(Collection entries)
──────────────────────────────

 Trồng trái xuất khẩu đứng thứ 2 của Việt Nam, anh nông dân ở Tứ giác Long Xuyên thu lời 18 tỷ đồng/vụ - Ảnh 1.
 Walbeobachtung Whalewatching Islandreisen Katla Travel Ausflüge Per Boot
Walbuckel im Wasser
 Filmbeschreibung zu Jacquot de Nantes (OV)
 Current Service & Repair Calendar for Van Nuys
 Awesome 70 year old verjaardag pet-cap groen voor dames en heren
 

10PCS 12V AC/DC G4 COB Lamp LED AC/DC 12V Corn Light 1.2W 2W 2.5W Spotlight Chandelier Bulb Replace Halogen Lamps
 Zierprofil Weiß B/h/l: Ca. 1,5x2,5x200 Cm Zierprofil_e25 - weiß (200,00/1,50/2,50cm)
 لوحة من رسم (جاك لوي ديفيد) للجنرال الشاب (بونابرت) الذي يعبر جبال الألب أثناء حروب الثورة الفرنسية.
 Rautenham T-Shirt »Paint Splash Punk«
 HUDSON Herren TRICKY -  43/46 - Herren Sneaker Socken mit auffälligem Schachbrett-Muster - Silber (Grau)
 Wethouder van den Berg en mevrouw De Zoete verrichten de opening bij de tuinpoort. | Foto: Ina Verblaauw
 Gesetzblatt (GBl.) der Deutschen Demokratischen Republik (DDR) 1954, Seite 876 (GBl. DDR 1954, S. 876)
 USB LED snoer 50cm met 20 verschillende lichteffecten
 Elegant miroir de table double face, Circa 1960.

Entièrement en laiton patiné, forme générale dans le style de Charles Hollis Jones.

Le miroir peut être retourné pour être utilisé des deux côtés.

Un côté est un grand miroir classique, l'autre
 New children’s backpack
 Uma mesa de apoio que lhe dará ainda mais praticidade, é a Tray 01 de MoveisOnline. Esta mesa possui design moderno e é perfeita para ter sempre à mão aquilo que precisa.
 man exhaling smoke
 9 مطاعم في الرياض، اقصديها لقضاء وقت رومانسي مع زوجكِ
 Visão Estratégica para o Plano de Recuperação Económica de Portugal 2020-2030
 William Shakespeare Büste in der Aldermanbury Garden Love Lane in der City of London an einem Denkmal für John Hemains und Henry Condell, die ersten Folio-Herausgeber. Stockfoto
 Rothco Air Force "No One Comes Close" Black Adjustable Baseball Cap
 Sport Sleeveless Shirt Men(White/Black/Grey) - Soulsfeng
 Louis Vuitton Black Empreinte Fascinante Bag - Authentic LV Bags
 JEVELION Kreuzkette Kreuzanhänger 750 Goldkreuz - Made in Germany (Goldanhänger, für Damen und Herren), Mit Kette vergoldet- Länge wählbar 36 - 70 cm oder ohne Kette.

──────────────────────────────

PROBLEM — Transcribe the records above exactly, from the opening line down to and including the line with "Louis Vuitton Black".

ANSWER BOX —
 Trồng trái xuất khẩu đứng thứ 2 của Việt Nam, anh nông dân ở Tứ giác Long Xuyên thu lời 18 tỷ đồng/vụ - Ảnh 1.
 Walbeobachtung Whalewatching Islandreisen Katla Travel Ausflüge Per Boot
Walbuckel im Wasser
 Filmbeschreibung zu Jacquot de Nantes (OV)
 Current Service & Repair Calendar for Van Nuys
 Awesome 70 year old verjaardag pet-cap groen voor dames en heren
 

10PCS 12V AC/DC G4 COB Lamp LED AC/DC 12V Corn Light 1.2W 2W 2.5W Spotlight Chandelier Bulb Replace Halogen Lamps
 Zierprofil Weiß B/h/l: Ca. 1,5x2,5x200 Cm Zierprofil_e25 - weiß (200,00/1,50/2,50cm)
 لوحة من رسم (جاك لوي ديفيد) للجنرال الشاب (بونابرت) الذي يعبر جبال الألب أثناء حروب الثورة الفرنسية.
 Rautenham T-Shirt »Paint Splash Punk«
 HUDSON Herren TRICKY -  43/46 - Herren Sneaker Socken mit auffälligem Schachbrett-Muster - Silber (Grau)
 Wethouder van den Berg en mevrouw De Zoete verrichten de opening bij de tuinpoort. | Foto: Ina Verblaauw
 Gesetzblatt (GBl.) der Deutschen Demokratischen Republik (DDR) 1954, Seite 876 (GBl. DDR 1954, S. 876)
 USB LED snoer 50cm met 20 verschillende lichteffecten
 Elegant miroir de table double face, Circa 1960.

Entièrement en laiton patiné, forme générale dans le style de Charles Hollis Jones.

Le miroir peut être retourné pour être utilisé des deux côtés.

Un côté est un grand miroir classique, l'autre
 New children’s backpack
 Uma mesa de apoio que lhe dará ainda mais praticidade, é a Tray 01 de MoveisOnline. Esta mesa possui design moderno e é perfeita para ter sempre à mão aquilo que precisa.
 man exhaling smoke
 9 مطاعم في الرياض، اقصديها لقضاء وقت رومانسي مع زوجكِ
 Visão Estratégica para o Plano de Recuperação Económica de Portugal 2020-2030
 William Shakespeare Büste in der Aldermanbury Garden Love Lane in der City of London an einem Denkmal für John Hemains und Henry Condell, die ersten Folio-Herausgeber. Stockfoto
 Rothco Air Force "No One Comes Close" Black Adjustable Baseball Cap
 Sport Sleeveless Shirt Men(White/Black/Grey) - Soulsfeng
 Louis Vuitton Black Empreinte Fascinante Bag - Authentic LV Bags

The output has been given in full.